I ask the cabbie to stop at the end of our street so I can avoid the CCTV cameras. I clamber through the neighbours’ back gardens like a trainee burglar and realise my
stealth tactics need work when Mrs Burnett at number 31 gives me a cheery wave.

Finally I’m in my own backyard. I gaze up at Holly’s window.
Descartes!
How did Porter get up there?

Drainpipe vs oak tree? I choose oak. Ow! Spiky branch. Twig in my eye. Twig. In. My. Eye.

I’m ready to give up altogether until I hear Porter’s voice coming from the window above me. Gritting my teeth and closing my twig-eye, I scramble faster, ripping my shirt and
scraping the flesh of my arms.

But by the time I reach the window, Holly has Porter in a stranglehold and is forcing him down onto her pink swivel chair. Before I can say, “I was worrying about the wrong person,”
Porter is strapped to the seat with Holly’s bedside lamp shining in his eyes.

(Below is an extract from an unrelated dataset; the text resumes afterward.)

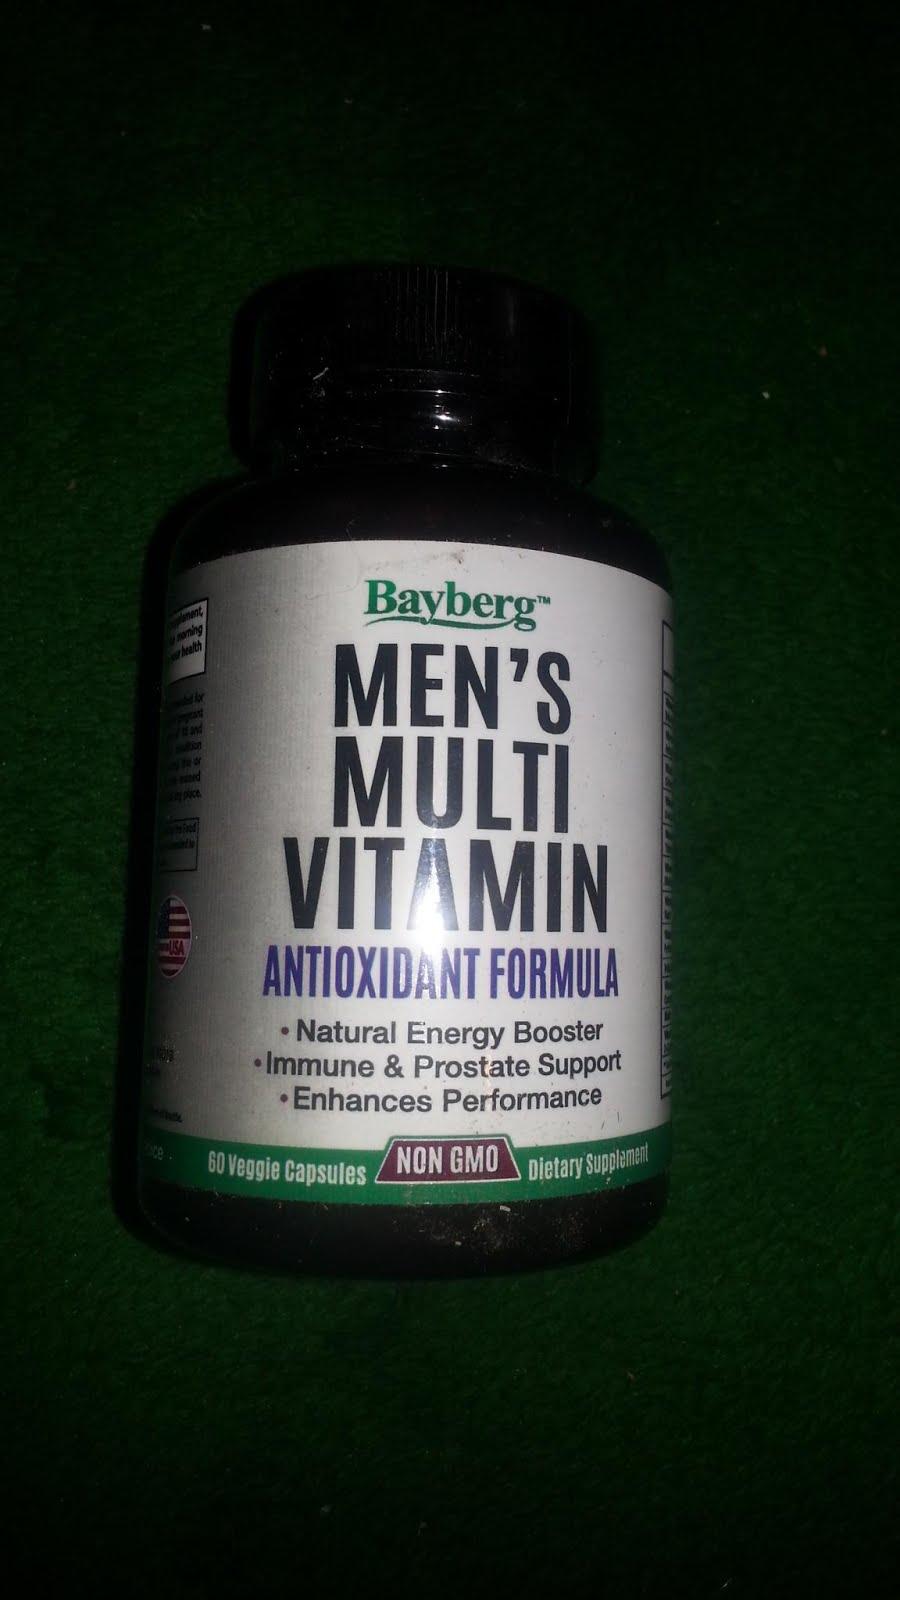 Bayberg Men's Multivitamin Antioxidant Energy Supplement with
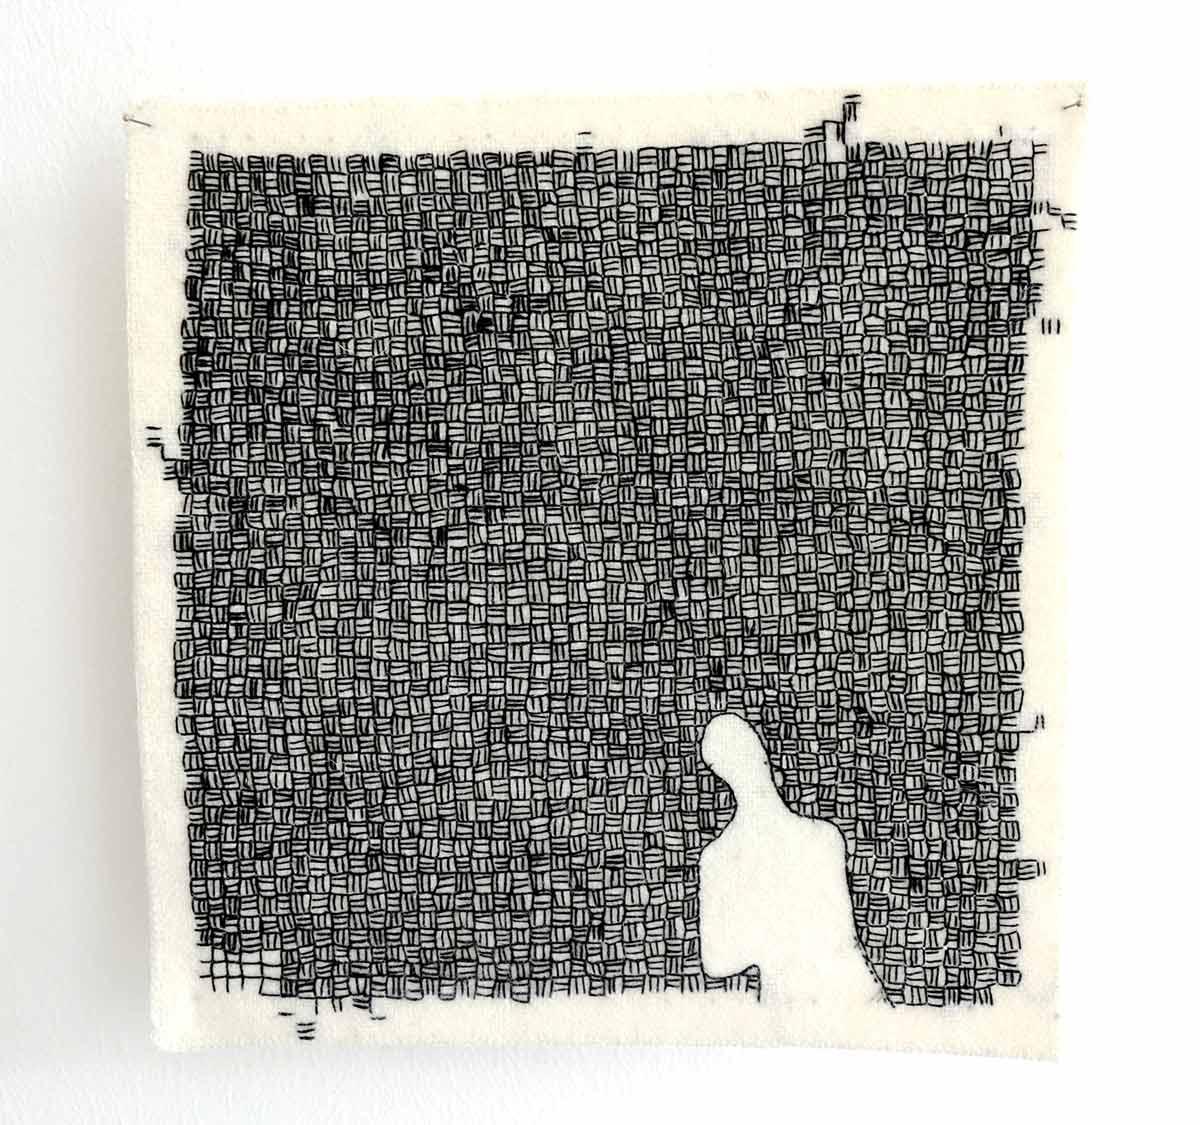 FIVE O'CLOCK SHADOW | Hand embroidered, cotton on wool,19cms x 19cms. Photo: Yeshen Venema.

Holly beams when she spots me. “Know-All? Brilliant! Wasn’t expecting you!”

Porter struggles against the dressing-gown belt that’s holding his hands in place. “Noelle! Thank God! Tell your sister to untie me!”

Wary of the gleam in Holly’s eyes, I speak softly. “Um, Holly, don’t you think this might be a little extreme?”

Holly shakes her head. “He needs convincing to tell us the truth.”

“There’s ‘convincing’ and then there’s human rights abuse.”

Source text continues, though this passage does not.